[DavidF]

Hey folks,

I've been asked why is it that when you cool or freeze Stilbenes (or say, other fluorophores), their flourescence raises ?

i couldn't find a justification for my hypothesis, which is the probablity of quenching in a cold body gets smaller.

can you help please ?


Thanks

[Yggdrasil]

Well, most quenching reactions are due to bimolecular reactions with quenching molecules like molecular oxygen.  So, how would cooling/freezing affect the rate of bimolecular collisions?

However, I think that you may want to consider other effects as well.  Fluorescence is just one of many pathways by which a molecule can relax from the excited state.  Thus, the quantum yield of a fluorophore depends on the competition between fluorescence and non-radiative relaxation pathways.  One major non-radiative relaxation pathway is internal conversion.  While I'm not clear on the details (so you may want to look up more on this subject), molecular vibrations and rotations are involved in relaxation via internal conversion.  Therefore, hindering/reducing rotation and/or vibration of a molecule can help reduce the rate of relaxation through internal conversion and thus increase the fraction of molecules relaxing via emission of a photon.

[Johnny010]

Say you have a molecule (call it S₁), when excited it will become S₁*

Now S1* can return to its ground state in various ways:

Florescence (k_f)                               Rate_f=k_f[S₁*]
Interal-system-crossing (k_isc)             Rate_isc=k_isc[S₁*]
Interal conversion (k_ic)                      Rate_ic=k_ic[S₁*]
Quenching (k_q)                                 Rate_q=k_q[Q][S₁*]

Fluorescence is where the molecule in the excited state loses energy by a photon and thus returns to its ground state.
Internal conversion is where the gained energy of the S1* is crossed into vibrational energy (more vib levels become available)
Intersystem crossing causes the formation of triplet states T₁
Quenching involves the removal of these triplet states usually by collision with a second molecule (quencher - Q).

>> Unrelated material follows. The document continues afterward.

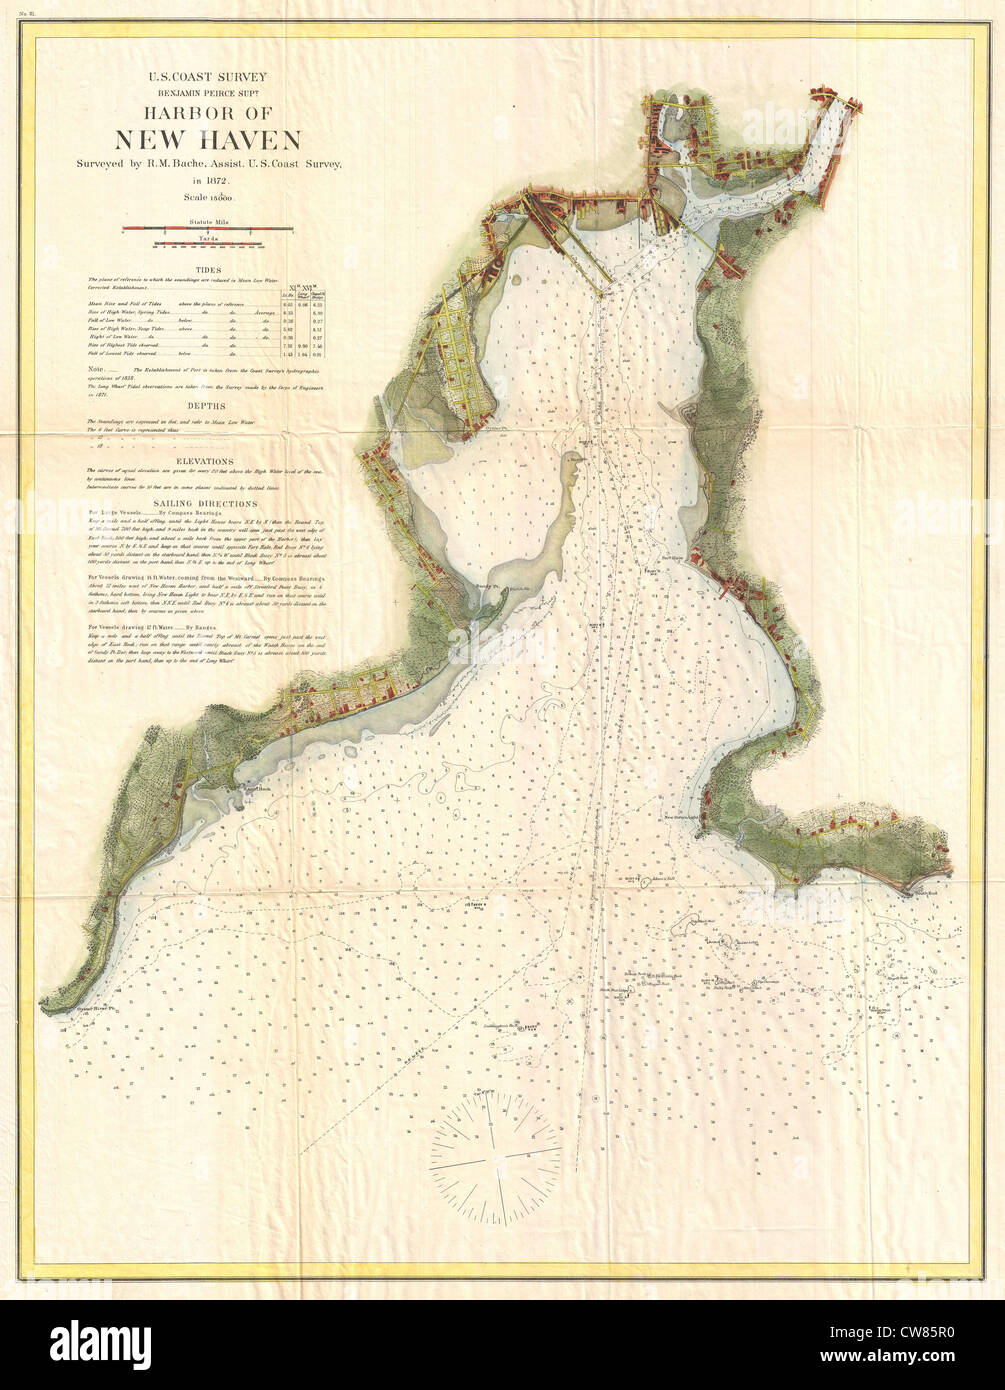 1872 US Coast Survey Karte von New Haven, Connecticut Stockfoto
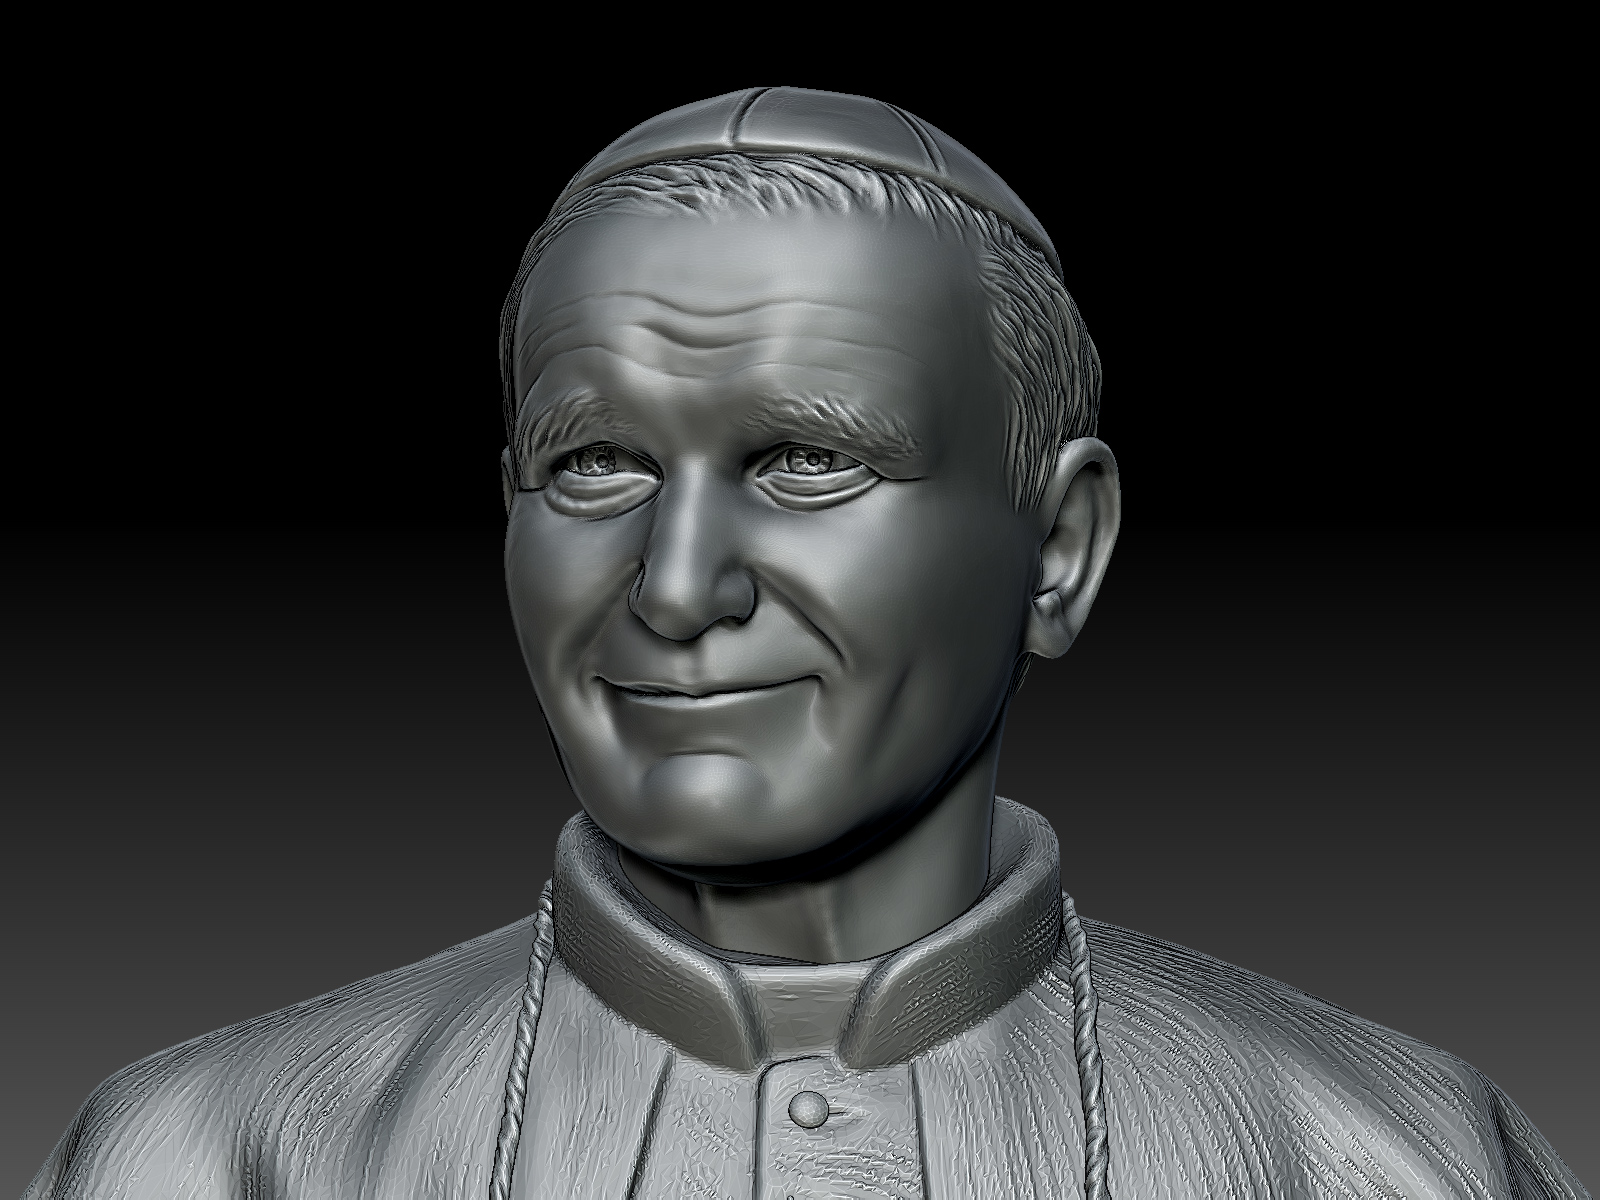 3D Statue of Saint John Paul II the Great

It is a slow process.

These processes are all unimolecular except for quenching (a bimolecular process) which relays on collisions of molecules. As temperature decreases, less molecules are quenched therefore more will fluoresce than will be quenched.

I hope this explained it .

[Golden_4_Life]

So, under freezing temperatures the number of molecules that relax from their excited state is shifted in favor of the "flourescence" pathway rather than towards molecuar/vibrational collisions viz "Brownian motion events" and quenching, as a means of dispersing Energy.